A very nice project you've shared with us. Your description & photography during the build made the machining process very clear, especially on your innovative dovetail & gib. My Myford Super 7 lathe uses the same gib system (not tapered). On my lathe I added an additional lock screw in addition the the gib adjustment screws to lock the slide in place during machining that way I don't have to readjust anything once everything is sliding perfectly in the dovetail. Certainly not very important in the overall scheme of things but may further inhance the use of your already superb tool.

Rod Baker


----------



## Smudgemo (Apr 19, 2014)

Just to wrap this project up, I finally got the boring bars, the hardware I wanted and a thumbscrew setup to lock the gib for actual use.  I haven't ever used a boring head in a mill, so I was hoping this would at the very least work as well as some inexpensive overseas unit.  Well, I can't say whether it's better or not, but it sure works well.  I found a piece of aluminum stock that was bored with some sort of sloppy cut, and gave it a go.  The results were excellent, and the ability to move the carrier by .001" ought to be plenty for my needs for awhile.
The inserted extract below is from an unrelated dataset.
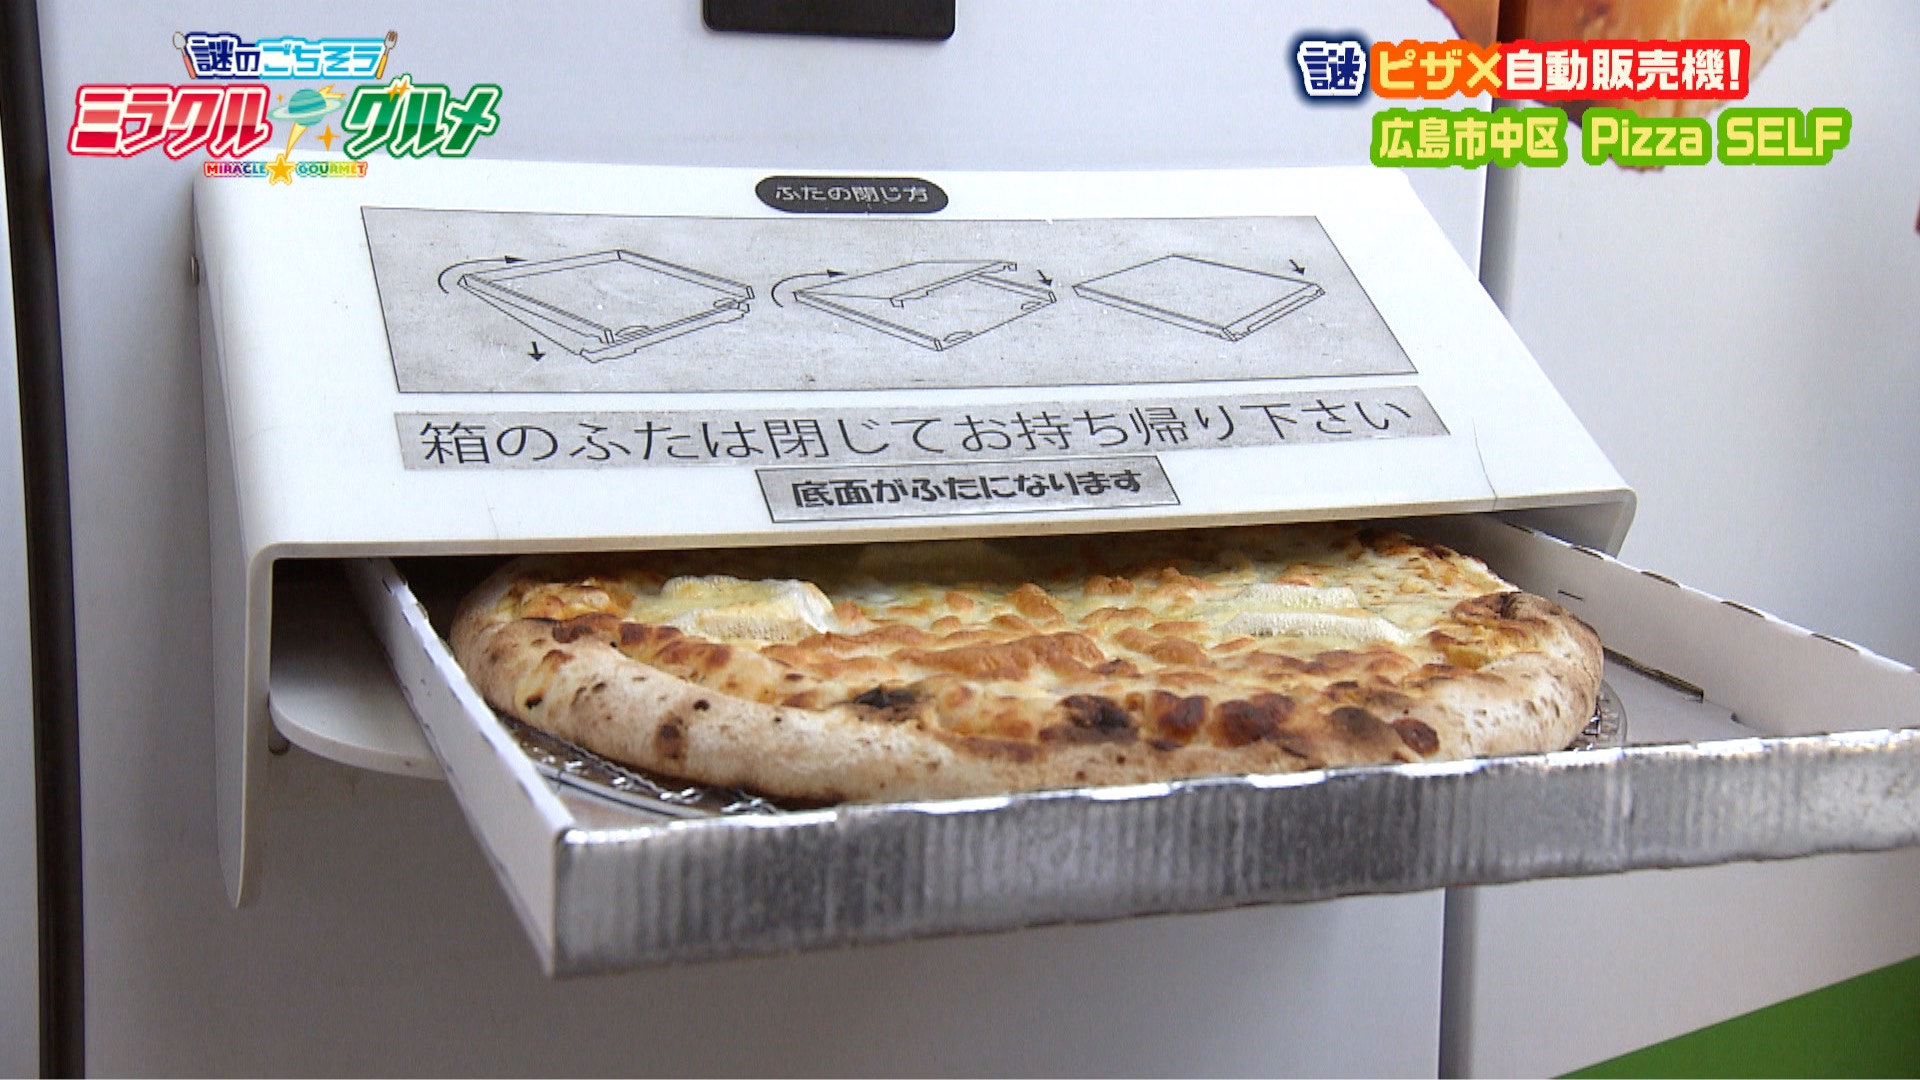 ピザの自動販売機 Pizza SELF
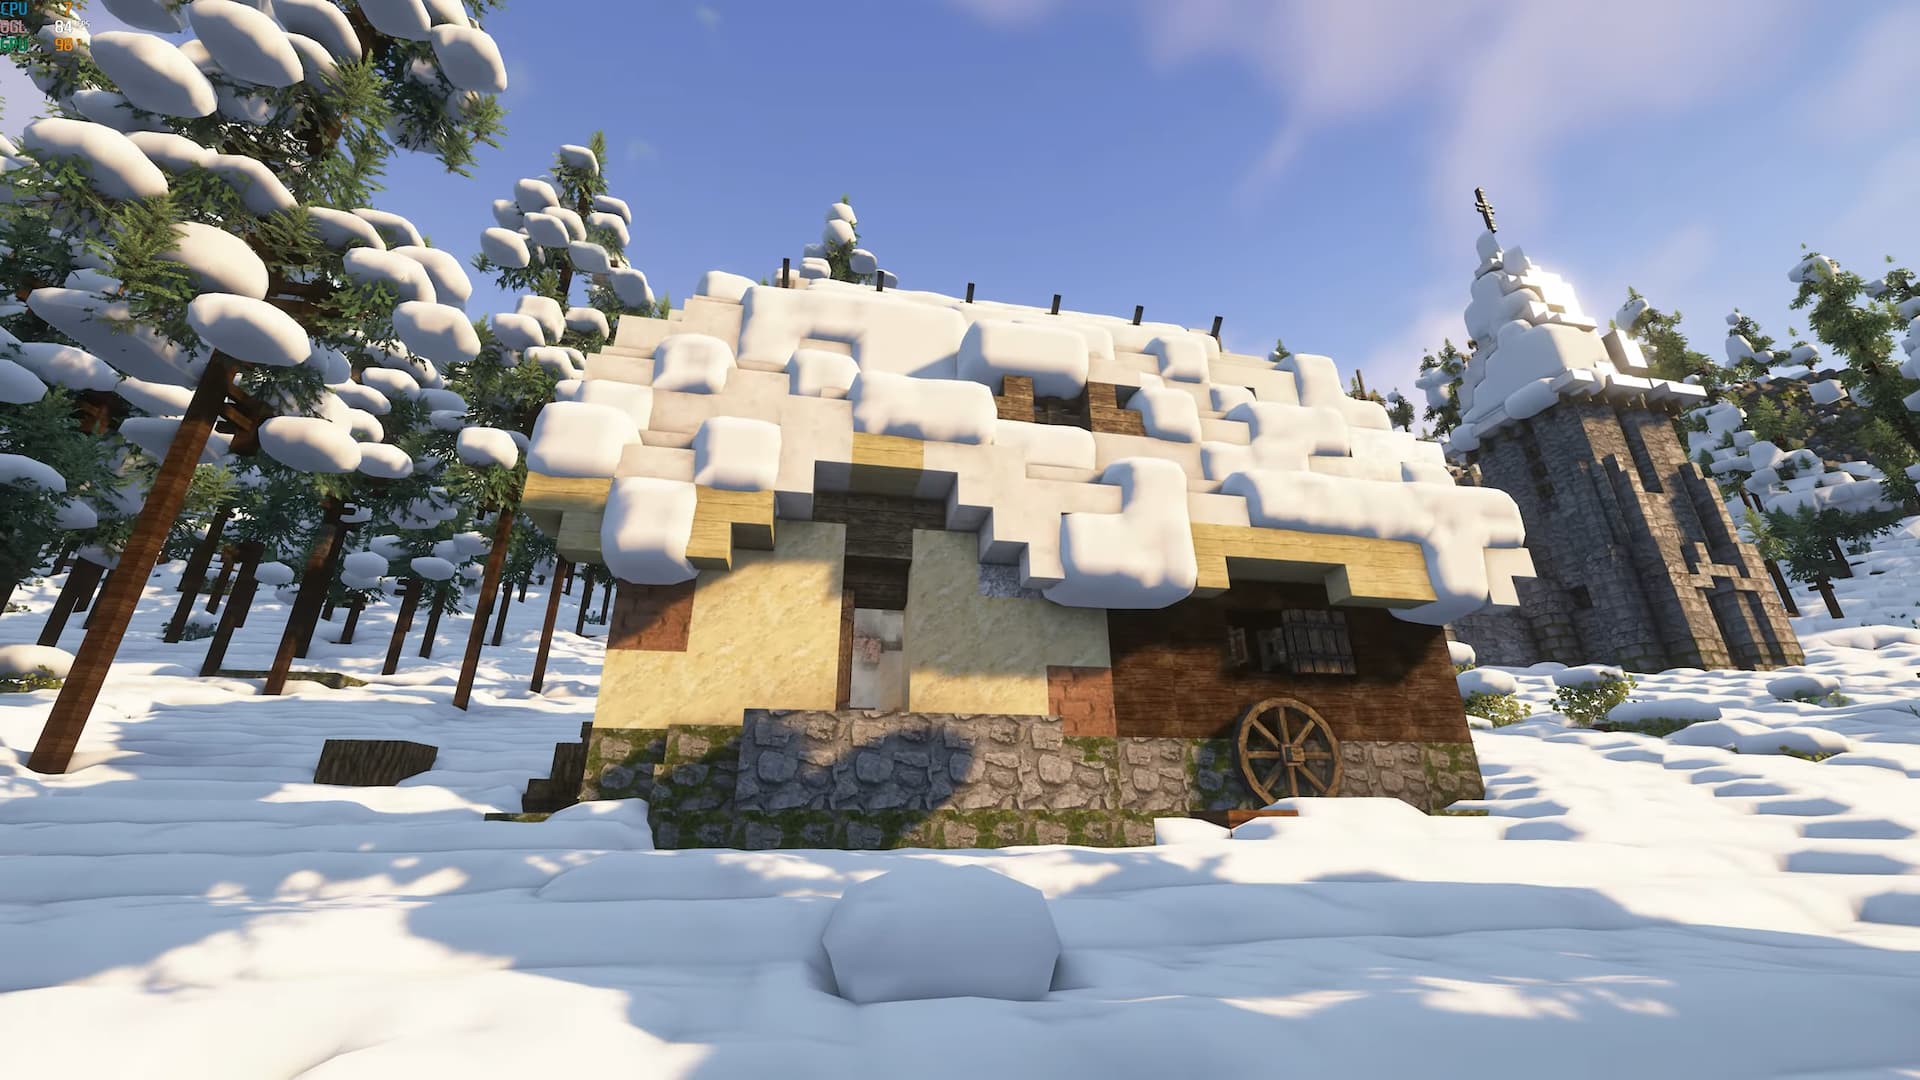 Animação mostra como seria um Minecraft com gráficos mais realistas - Vida  de Gamer

I silver-brazed the wheel to the machine screw.  $1.30 or so for the parts at the local ACE.



Front view.  I tried to clean up the machine marks a bit, but didn't take it any further.




Some action footage.  Always with the music on, too.

[video=youtube_share;LAo6ukYaBrE]http://youtu.be/LAo6ukYaBrE[/video]

Now I need to start a project that will need bored holes, I guess.

Cheers!
-Ryan


----------



## Bill Gruby (Apr 20, 2014)

Is this the book? Loved the video.

http://www.ebay.com/itm/Milling-for...830?pt=US_Nonfiction_Book&hash=item48603013be

 "Billy G"


----------



## Smudgemo (Apr 20, 2014)

Bill Gruby said:


> Is this the book? Loved the video.
> 
> http://www.ebay.com/itm/Milling-for...830?pt=US_Nonfiction_Book&hash=item48603013be
> 
> "Billy G"



Thanks, Bill.  

That looks like it, but the cover is slightly different.  This is the version that I've got:
http://www.amazon.com/Milling-Home-Machinists-Harold-Hall/dp/1565236947 .  The reviews don't overwhelm you as awesome, but when you take the time to read them, you find people are complaining that the material is reprinted from other books he's done, or too advanced for the absolute beginner.  He also has a lot of stuff on his website including plans for a small boring head and lots of other things: http://homews.co.uk/index.html

I should note again that the book is all in metric, so you need to either convert or work in metric.  I chose to follow dimensions and place holes in metric via my DRO, but changed the fasteners to 8-32, the lead screw to 1/4-20, and any cut to 3/8" or 1/2" because I have those cutters on hand.  So I complicated things, but it seems to have worked out.  The plan that follows this one is a diving head that I may tackle at some point soon just because.

-Ryan


----------



## stevecmo (Apr 20, 2014)

Here's a link to Harold's website if that helps:  http://www.homews.co.uk/page3.html

The site is a little difficult to navigate but has a lot of useful info.

Steve


----------



## JoeSixPack74 (Apr 20, 2014)

"Impressive, most impressive.", Darth Vader - Empire Strikes Back on planet Bespin.


----------